9/17- Glomerular Diseases I & II: Anatomy, Function, and Clinical Syndromes Flashcards
Define:
- Glomerular diseases
- Glomerulonephritis
- Primary glomerular diseases
- Secondary glomerular diseases
- Glomerular diseases: diseases involving glomeruli primarily
- Glomerulonephritis: glomerular diseases in which glomerular inflammation is an important component
- Primary glomerular diseases: involves the kidneys only (e.g. membranous glomerulonephritis)
- Secondary glomerular diseases: involves the glomeruli as a component of a systemic disease (e.g. diabetic nephropathy, lupus nephritis)
What is seen here?
Glomerulus- filtering units of the kidney
How many glomeruli per kidney?
1-1.2 million
What are the involved cells in the glomerulus?
- Mesangial cell
- Endothelial cell (lines inner side of GBM)
- Podocyte (epithelial cell, lines outside of GBM)
What are mesangial cells?
- Function
- Properties
- Synthesis of mesangial matrix which acts as a structural support to the glomerulus
Properties
- Smooth muscle-like (contractile) properties: influences capillary surface area and filtration
- Macrophage-like properties: phagocytosis of immune complexes; secretion of cytokines, growth factors, proteases and oxidants
Describe the structure of the podocytes?
- Aka visceral epithelial cells
- Lines outside of GBM
- Interdigitates with the GBM via long “foot processes” which are separated by thin slit-diaphragms
What is the function of the glomerulus?
Filter (highly selective)
- Permeable to salt, water, and metabolic waste products (like creatinine, urea) Barrier to large molecules and proteins
- “Size” barrier (gap between endothelial cells 70-100 nm and between podocyte foot processes 30-40 nm)
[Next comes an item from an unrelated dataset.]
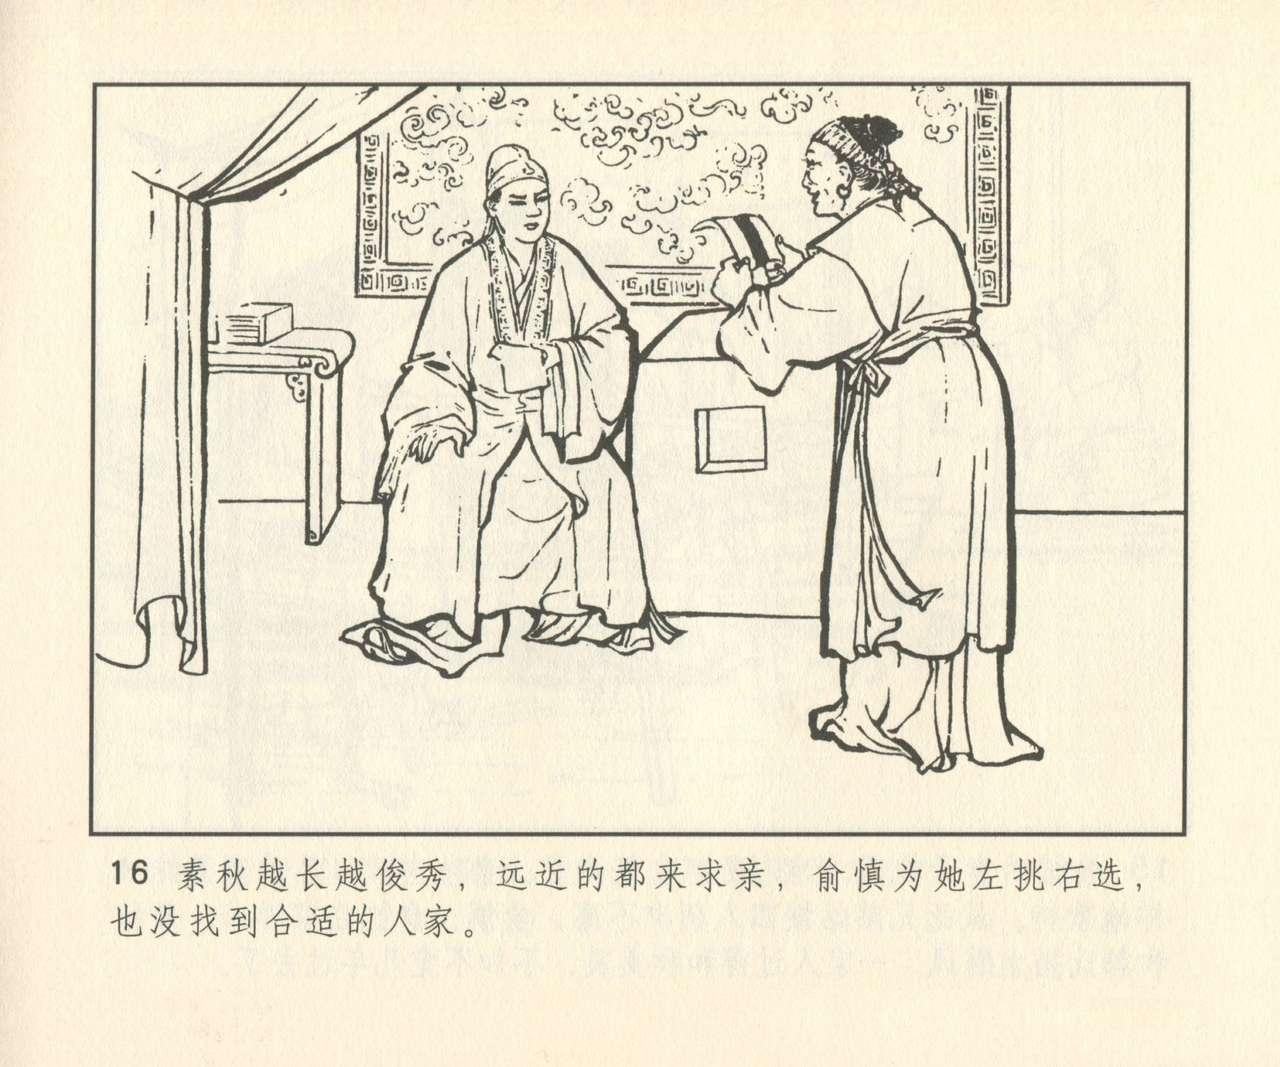 聊斋志异 张玮等绘 天津人民美术出版社 卷二十一 ~ 三十 296

- “Charge” barrier: negatively charged proteins coat the GBM (heparan sulfates) and podocytes (glycocalyx)
What are clinical manifestations/syndromes of glomerular diseases? What causes them?
Abnormal protein excretion
- Isolated proteinuria
- Nephrotic syndrome
- Nephritic syndrome
Loss of filtration and reduction in the glomerular filtration rate (GFR) (losing ability of kidney to excrete things like urea, creatinine…)
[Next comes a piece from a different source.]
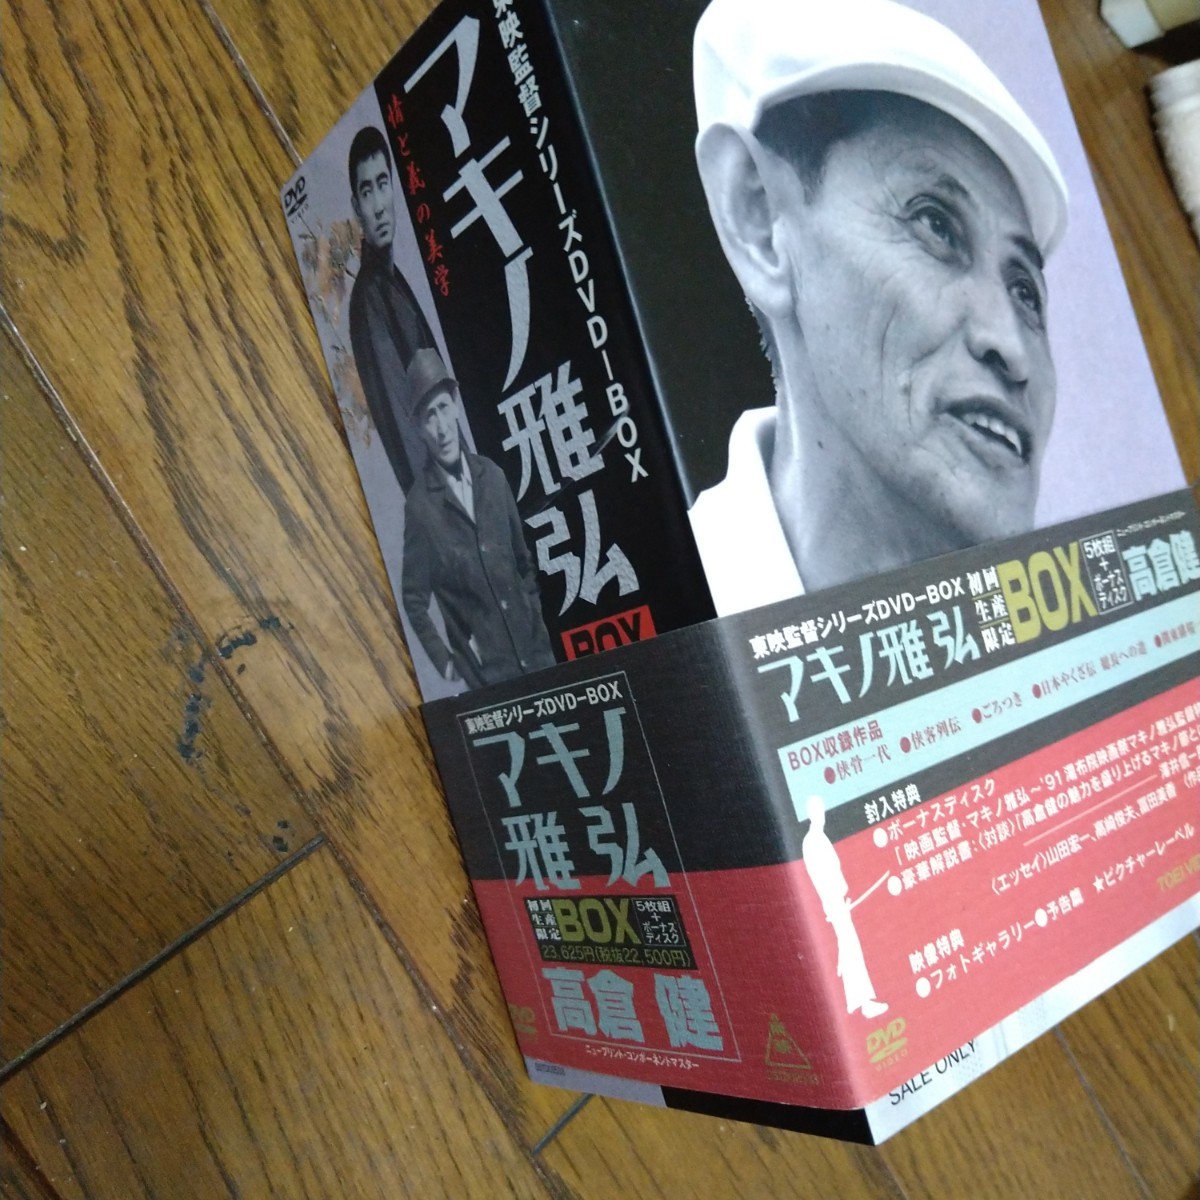 高倉健 DVD BOX マキノ雅弘

- Acute kidney injury (AKI)
- Chronic kidney disease (CKD)
What is normal protein excretion? Abnormal?
< 20 mg/day is normal
- Abnormal is > 30 mg/day
What is microabluminuria?
- Suggestive of what?
Microalbuminuria = 30-300 mg/day
- Not detectable by routine urinalysis (have to test for albumin specifically)
- Suggests early glomerular damage
- Clinically used to predict development of diabetic nephropathy
What is subnephrotic-range proteinuria?
- Suggests what?
Subnephrotic range = 300 mg - 3.5 g/day
- May be due to glomerular or tubular diseases
What is nephrotic range proteinuria?
Nephrotic range = > 3.5 g/day
- Due to defect in glomerular filtration barrier
- Usually results in decreased serum albumin -> development of edema -> NEPHROTIC SYNDROME
What is the definition of nephrotic syndrome?
- Proteinuria (>3.5 g/day or >40 mg/hr/m2 in children)
- Hypoalbuminemia (under 3.0 g/dl)
- Edema
- Hyperlipidemia (elevated serum cholesterol)
- Lipiduria (fat globules in the urine)
What is the pathogenesis of nephrotic syndrome?
Major glomerular abnormality is an excessive leak of protein through the glomerular capillary wall into the urinary space due to disruption of the slit diaphragm
- Podocyte injury
- Specific defect of the slit diaphragm (e.g., nephrin mutation)
What are the main processes of pathophysiology involved in nephrotic syndrome?
- Low serum albumin
- Edema/Anasarca
- Hyperlipidemia
- Lipiduria
- Increased risk for infections
- Increased risk for thrombosis
- Poor growth in children and osteomalacia
What causes low serum albumin in nephrotic syndrome?
- How does the body respond?
Low serum albumin
- Loss of albumin into the urine
- Increased reabsorption and degradation of protein by the proximal tubule
- Increased protein synthesis by the liver, but cannot compensate completely for the urinary losses
(even though urine loss only shows ~3.5 g and liver can make more, much more is lost in urine that has already been degraded by proximal tubule)
What causes edema/anasarca in nephrotic syndrome? - How does the body respond?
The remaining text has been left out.